ORC adds Gopal Vijayaraghavan to PMC

On behalf of the Apache ORC Project Management Committee (PMC), it gives me great pleasure to announce that Gopal Vijayaraghavan has joined the PMC. Gopal has done an amazing job at speeding up ORC in many ways.

Please join me in welcoming Gopal to the ORC PMC!

Congratulations Gopal!

ORC adds new committers

As part of the removal of the ORC code base from Hive, the ORC PMC has offered to make any existing Hive committers into ORC committers. The new ORC committers coming from Hive are:

  • Aihua Xu
  • Ashutosh Chauhan
  • Chaoyu Tang
  • Chinna Rao Lalam
  • Daniel Dai
  • Eugene Koifman
  • Ferdinand Xu
  • Jason Dere
  • Jesus Camacho Rodriguez
  • Lars Francke
  • Matthew McCline
  • Mithun Radhakrishnan
  • Pengcheng Xiong
  • Rajesh Balamohan
  • Rui Li
  • Sergio Pena
  • Siddharth Seth
  • Vaibhav Gumashta
  • Wei Zheng
  • Yongzhi Chen

ORC 1.2.3 Released

The ORC team is excited to announce the release of ORC v1.2.3. This release fixes some bugs in the Java schema evolution code.

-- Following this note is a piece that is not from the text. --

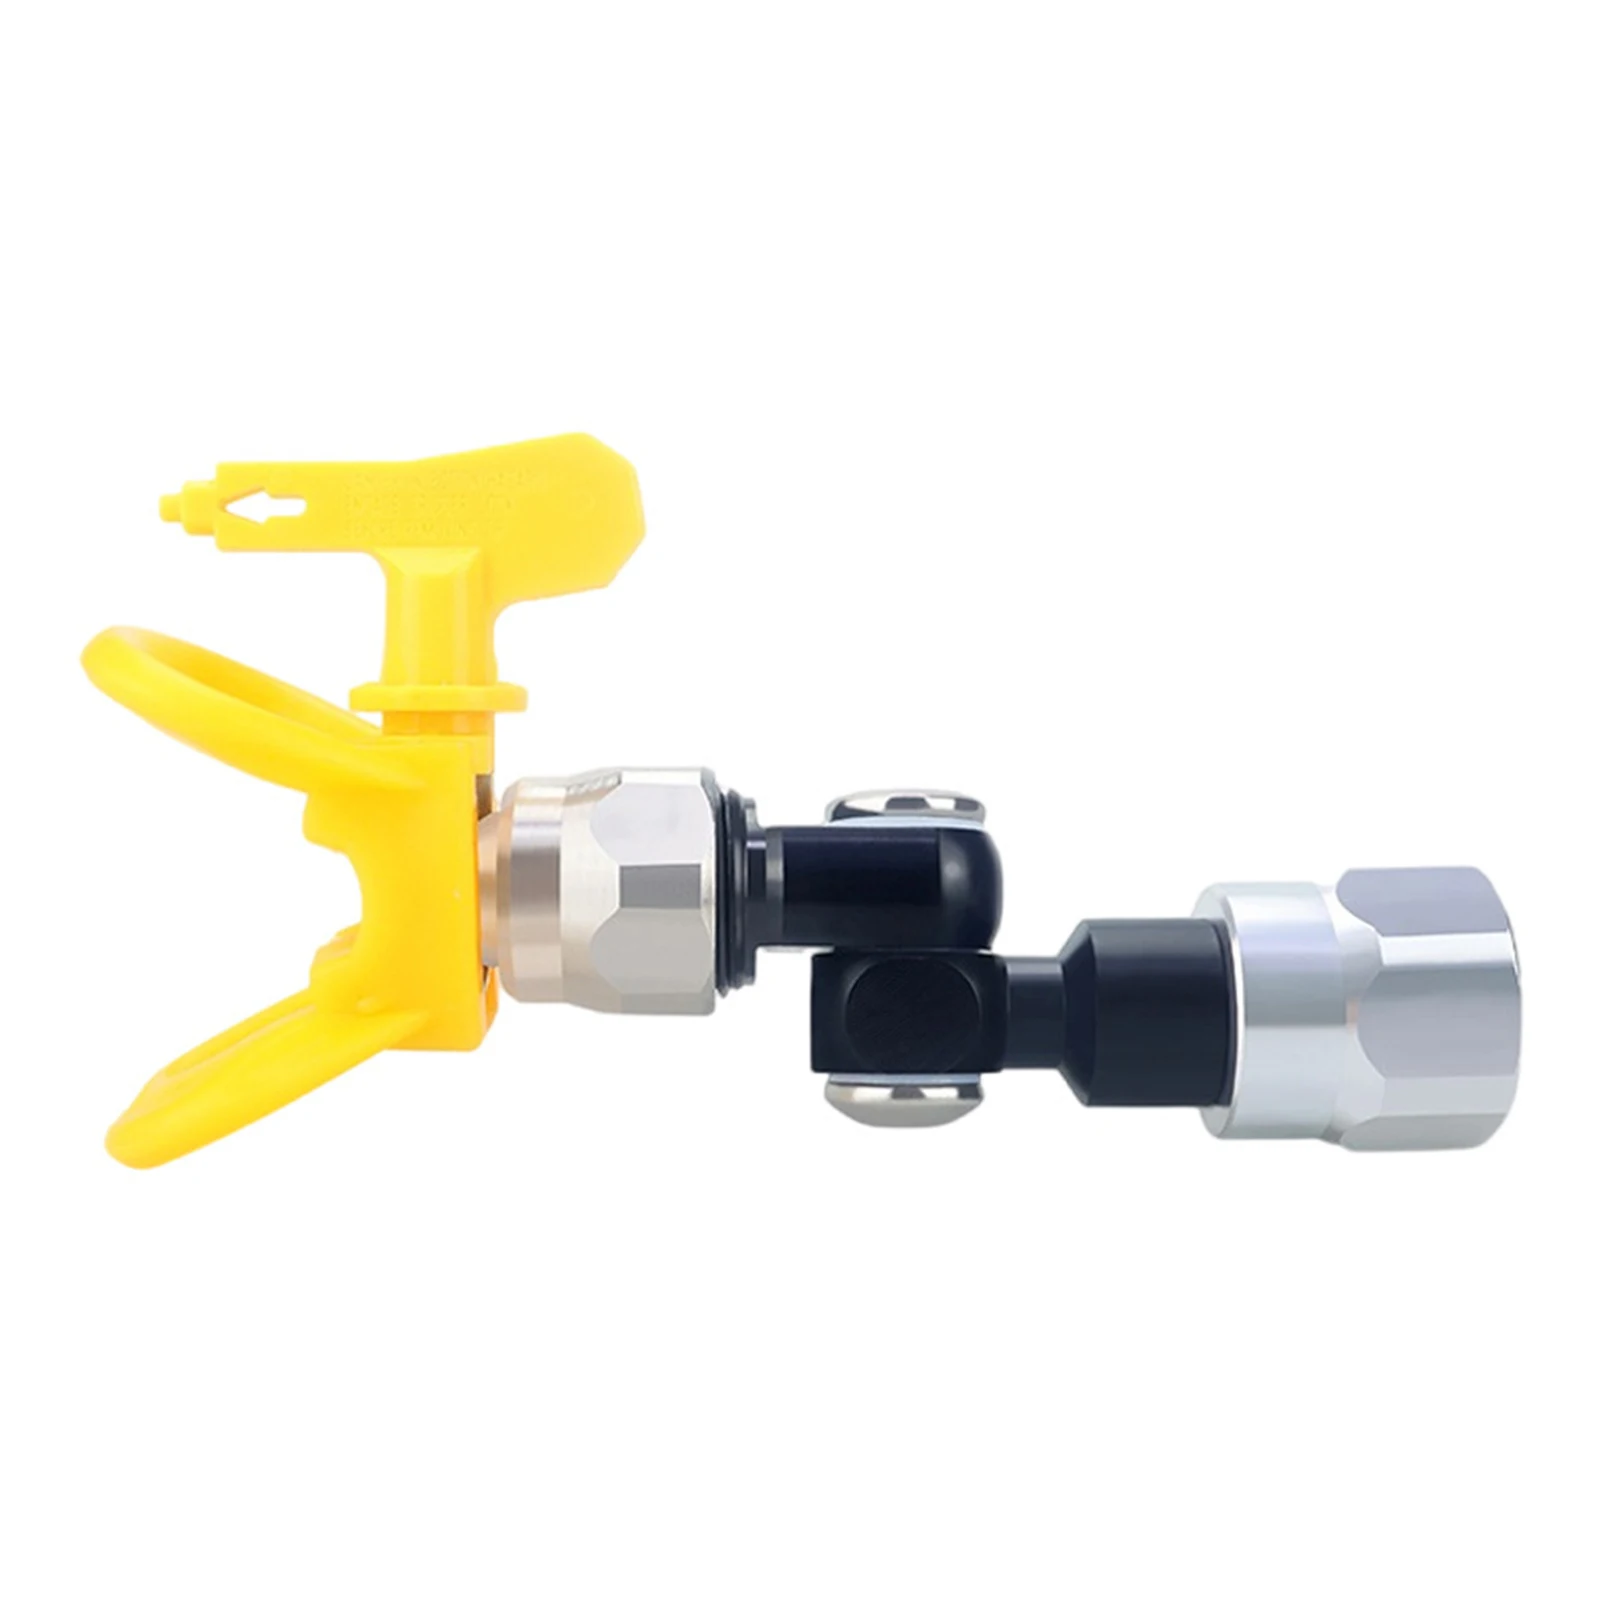 

Airless Sprayer Universal Joint Nozzle Holder With Sealing Gasket Multifunctional Efficient Alloy Latex Paint Connector Flexible

The new features of ORC 1.2:

  • ORC-54 Evolve schemas based on field name rather than index
  • ORC-84 Create a separate java tool module.
  • ORC-77 and ORC-81 Implement LZO and LZ4 compression codecs.
  • ORC-92 Add support for nested column id selection in C++
  • ORC-69 Add batch option support in orc-scan tools.

Important fixes:

  • HIVE-14214 ORC schema evolution and predicate push down do not work together.

Known issues:

  • ORC-40 Predicate push down is not implemented in C++.

ORC 1.2.2 Released

The ORC team is excited to announce the release of ORC v1.2.2.

The new features of ORC 1.2:

  • ORC-54 Evolve schemas based on field name rather than index
  • ORC-84 Create a separate java tool module.
  • ORC-77 and ORC-81 Implement LZO and LZ4 compression codecs.
  • ORC-92 Add support for nested column id selection in C++
  • ORC-69 Add batch option support in orc-scan tools.

Important fixes:

  • HIVE-14214 ORC schema evolution and predicate push down do not work together.

Known issues:

  • ORC-40 Predicate push down is not implemented in C++.

ORC 1.2.1 Released

The ORC team is excited to announce the release of ORC v1.2.1.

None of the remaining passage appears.